Turning first to the lower interior modules 21A, each lower interior module 21A includes side portions 24A which define two lateral channels, similar to those channels previously described for the single depth configuration, except that the side portions extend upwardly from each longitudinal side edge of the deck portion to define an upright U-shape. The side portions of the lower interior modules 21A support corresponding side portions 13 of the upper interior modules 22A.
Each lower interior module further has at least one passageway 23A which is formed in at least one of the side portions. The passageways 23A extends upwardly from the deck portion 24, and each one is preferably located below and sized smaller than the corresponding lateral channel defined in the side portion. Although the passageway 23A is shown as a separate opening than the lateral channels, it is also possible that the passageway 23A may be formed as part of the lateral channel thus extending the lateral channel to the deck portion or floor of the assembly. By way of example, in FIG. 8, it can be seen that the lower interior modules 21A have passageways 23A formed in each side portion 24A. The passageway 23A of the module 21A preferably is aligned with a corresponding passageway 23A formed in an adjacent lower module 21A. The passageways 23A provide for unrestricted flow of the storm water between the lower modules. In FIG. 8, passageways 23A are also defined in side modules 21B, corner modules 21C and end modules 21D of the lower modules.
In FIG. 8, each of the lower side modules 21B includes one side portion 24B which defines two lateral channels and another side portion 24C which provides a section of an outer boundary to the assembly. Some of the side portions 24C are illustrated without openings or imperforate, and other side portions are illustrated as perforate with one or more inlet ports 9 or outlet ports 11 defined therein. As previously described relative to the single depth modular assembly, other combinations of inlets and outlets to the assembly are possible. Each of the lower corner modules 21C and lower end modules 21D also includes corresponding side portions, one side portion 24D of the end module 21D being shown by way of example and defining one lateral channel. In FIG. 8 when the upper and lower modules are combined, the individual longitudinal and lateral channels of the upper and lower modules are vertically aligned to define corresponding continuous longitudinal channels 24E and corresponding continuous lateral channels 24F. The upper modules are oriented in an inverted U-shaped with the side portions of the upper modules being supported on the side portions of the upright lower modules.
Placement of the double depth configuration preferably involves placing one or several adjacent lower modules in an excavated site and then placing the corresponding upper modules on top of the lower modules. These steps are preferably repeated until the entire assembly is completed, although other configurations are possible. For example, one or more rows or columns, or even all the lower modules in the entire reticulated assembly, may be placed in the site before placing the upper modules on top of their respective lower modules. If desired, the upper and lower modules may be secured or fastened to each other using any conventional methods. By way of example, but not limitation, the upper and lower modules may be secured by an interlocking structure where each bottom edge of their respective side portions has a beveled shape, as illustrated in the alternate embodiments of FIGS. 13 f–13 h. Other variations are also possible.

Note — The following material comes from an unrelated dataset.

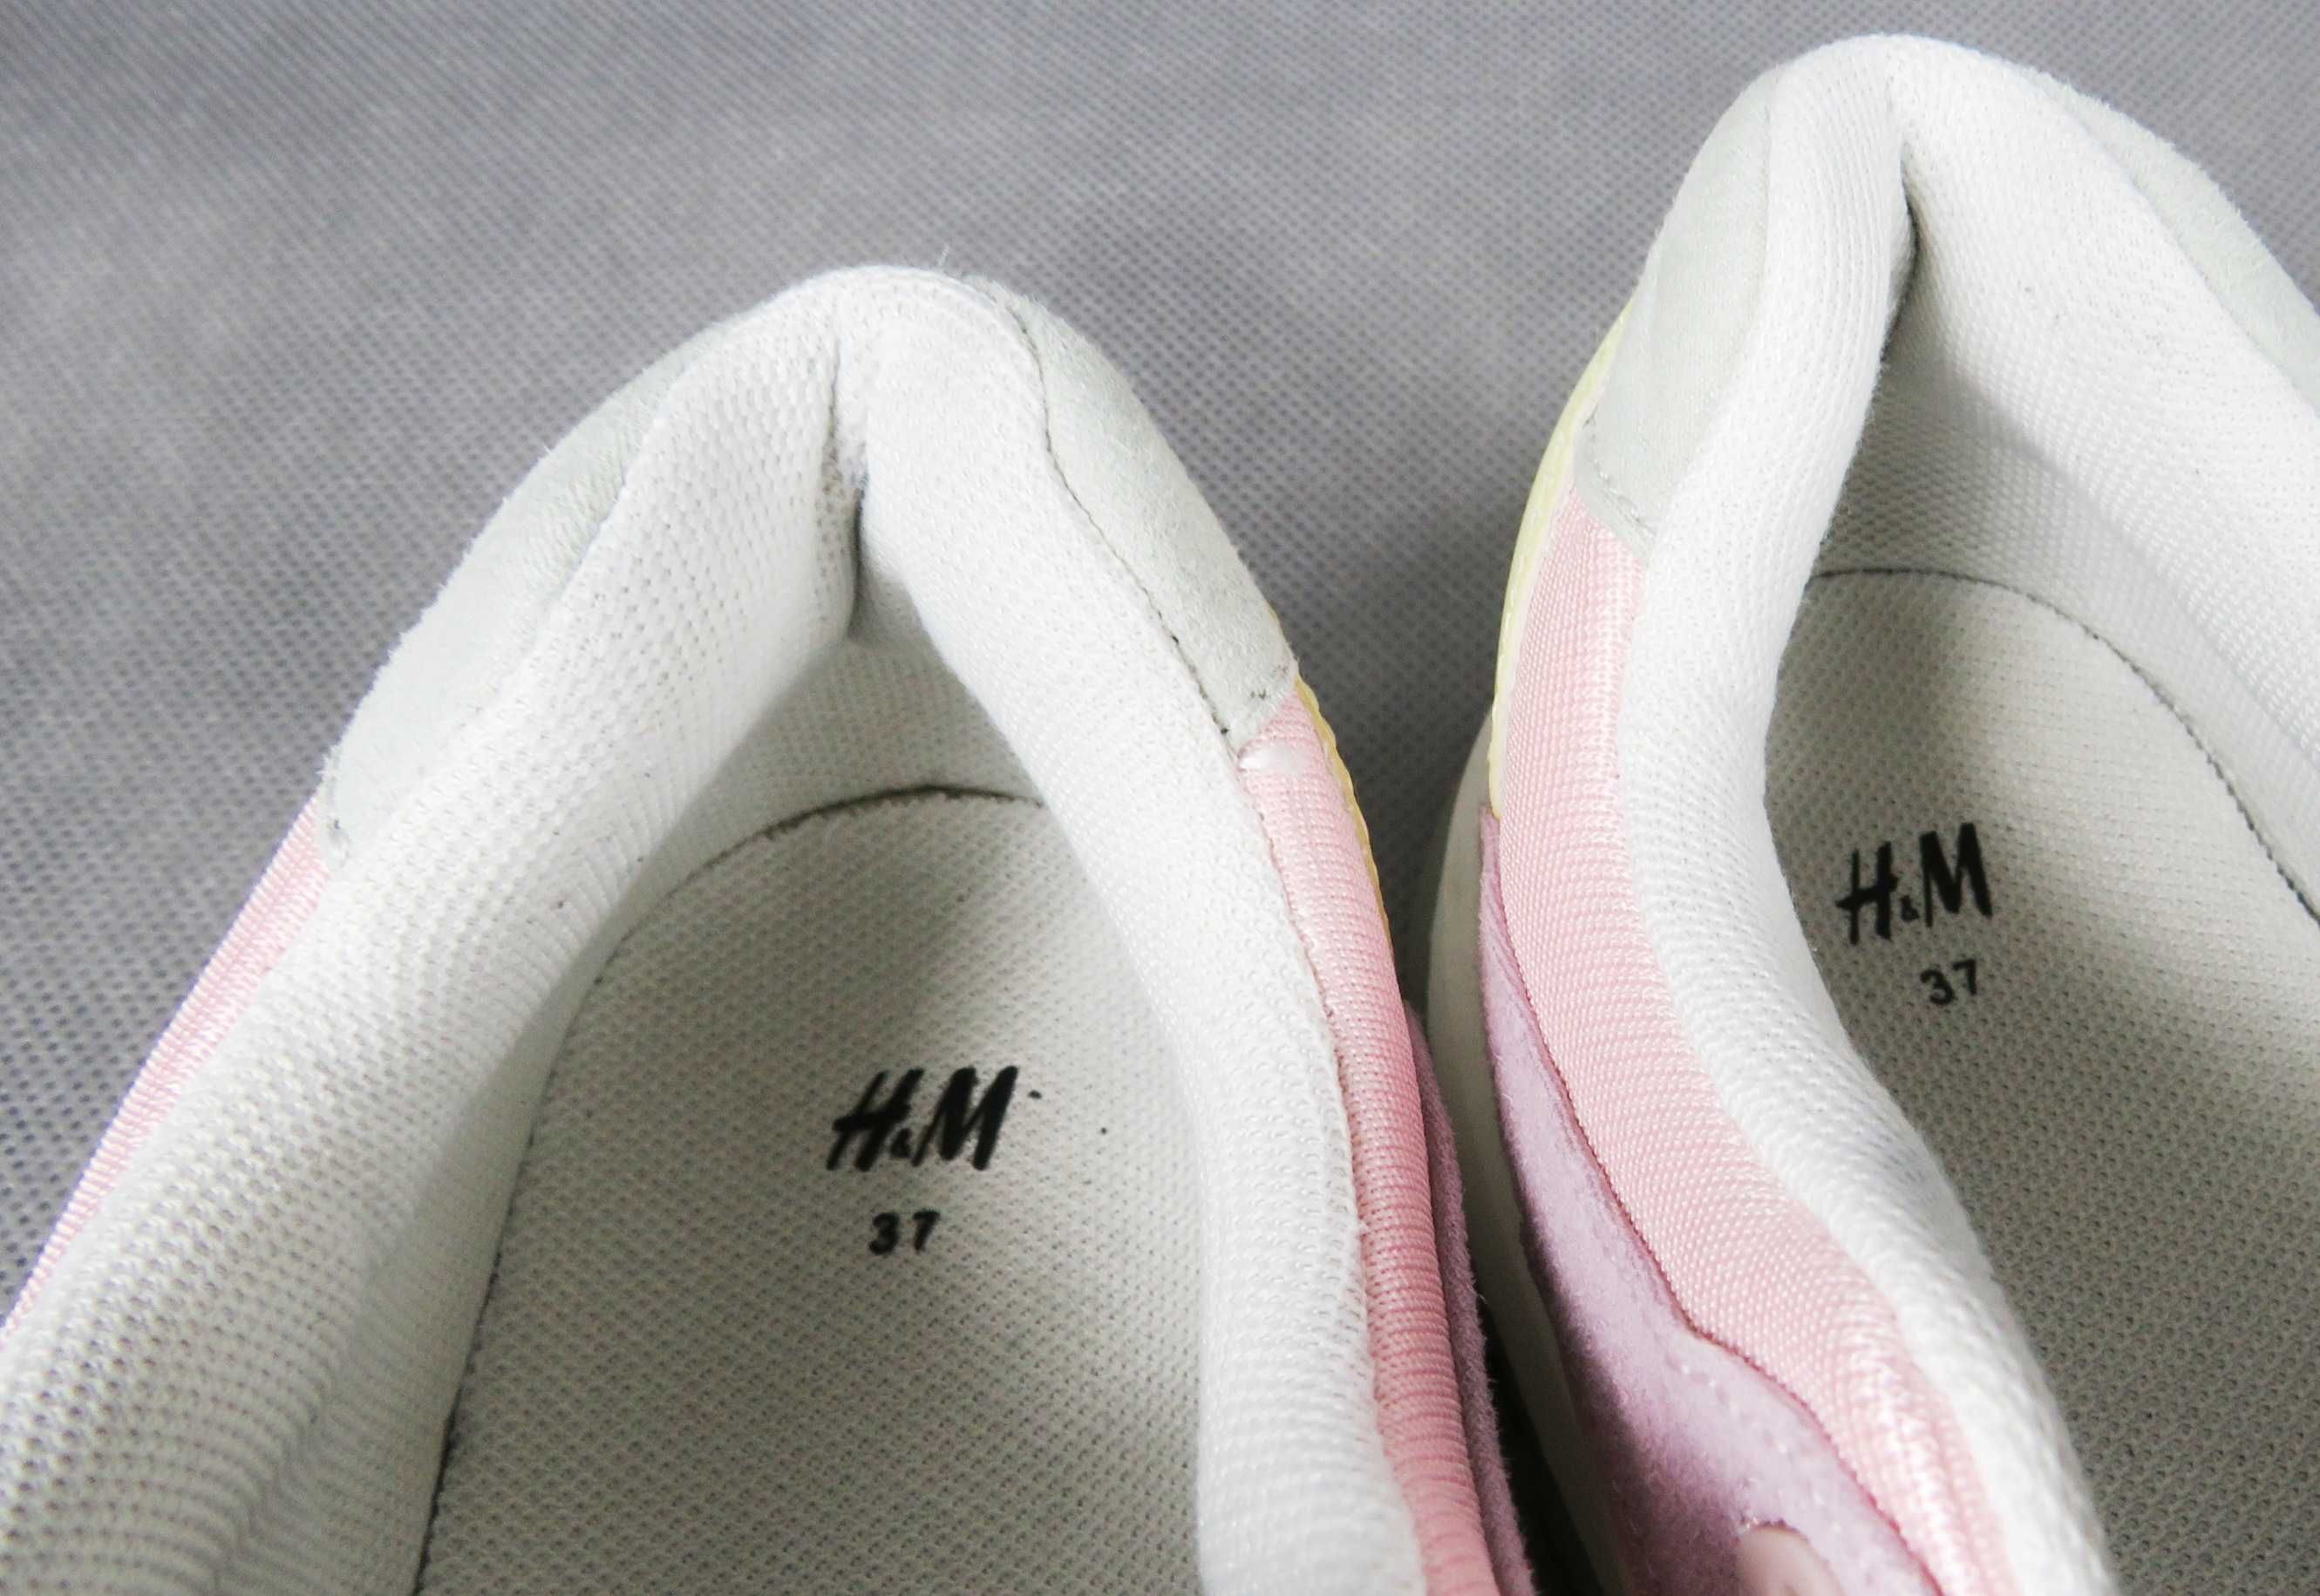 Adidasy H&M 37 buty sportowe H&M pastelowe buty sportowe

The double depth configuration of FIG. 8 has the advantage that the deck portion of the lower module provides a floor which assists in structurally supporting the assembly on the underlying soil relative to vertical loads applied to the assembly. Thus no secondary in-situ or precast concrete footings are necessary. The ranges of overall dimensions of each upper and lower module are similar to those previously described for the single depth module. The overall height dimension of the assembly is additive of the heights of both the upper and lower modules to provide a greater storm water storage capacity. The heights of the upper and lower module layers need not be the same and may vary in relation to each other. This double depth configuration includes all the features, advantages, and embodiments detailed for the single depth configuration.
FIG. 9 demonstrates a further embodiment of the modular assembly. The assembly of FIG. 9 shows the versatility and easy connectability of the modules and how the modules can be assembled in configurations that are adaptable to a specific site's physical area constraints and underground obstacles such as plant root systems 25 or underground utilities 26. Due to the modular design, the plan area is not constrained to simple rectangular shapes, but the modules may be combined in any free form plan area shape available within the constraints of the site. In accordance with features already described, the modules form corresponding longitudinal channels in the longitudinal direction A of the assembly and corresponding lateral channels in the lateral direction B.
FIG. 9 illustrates an assembly configuration which includes a combination of lower interior modules (not shown), lower side modules 21B, lower corner modules 21C, lower end modules 21D, upper interior modules 22A, upper side modules 22B, upper corner modules 22C, and upper end modules 22D. The assembly of FIG. 9 furthers includes lower double-sided modules 21E having closed lateral side portions on both sides of the module. Upper double-side modules 22E are supported by the lower modules 21E in some areas, and, in other areas, a single depth module 22F may be used without a supporting lower module. The single depth module 22F preferably includes an imperforate floor to avoid interfering with the utilities 26 or other underground obstacles and is raised above the level of lower modules using earth or other fill materials. So it can be seen that the assembly may include both single and double depth configurations as is required by the specific site conditions. Illustratively, this assembly supports the loads associated with a parking lot and forms a traffic surface for the parking lot.
FIG. 10 a is a cross-sectional end view, similar to FIG. 4, which illustrates a group of interior modules 1 in another aspect of the invention. The interior modules 1 are laterally spaced apart from one another. A connecting portion 27 having two ends 27A and 27B is placed between the interior modules. The connecting portion is preferably made of a flat, precast concrete slab or hollow-core panel and has approximately the same thickness, width and length of the deck portion 12 of the module 1. The connecting portion preferably is six feet wide and fourteen feet long although the connecting portion may have other lengths and widths. Other orientations of the connecting portion are also possible. By way of example but not limitation, the interior modules could be spaced further apart, and several connecting portions may be placed lengthwise between the modules.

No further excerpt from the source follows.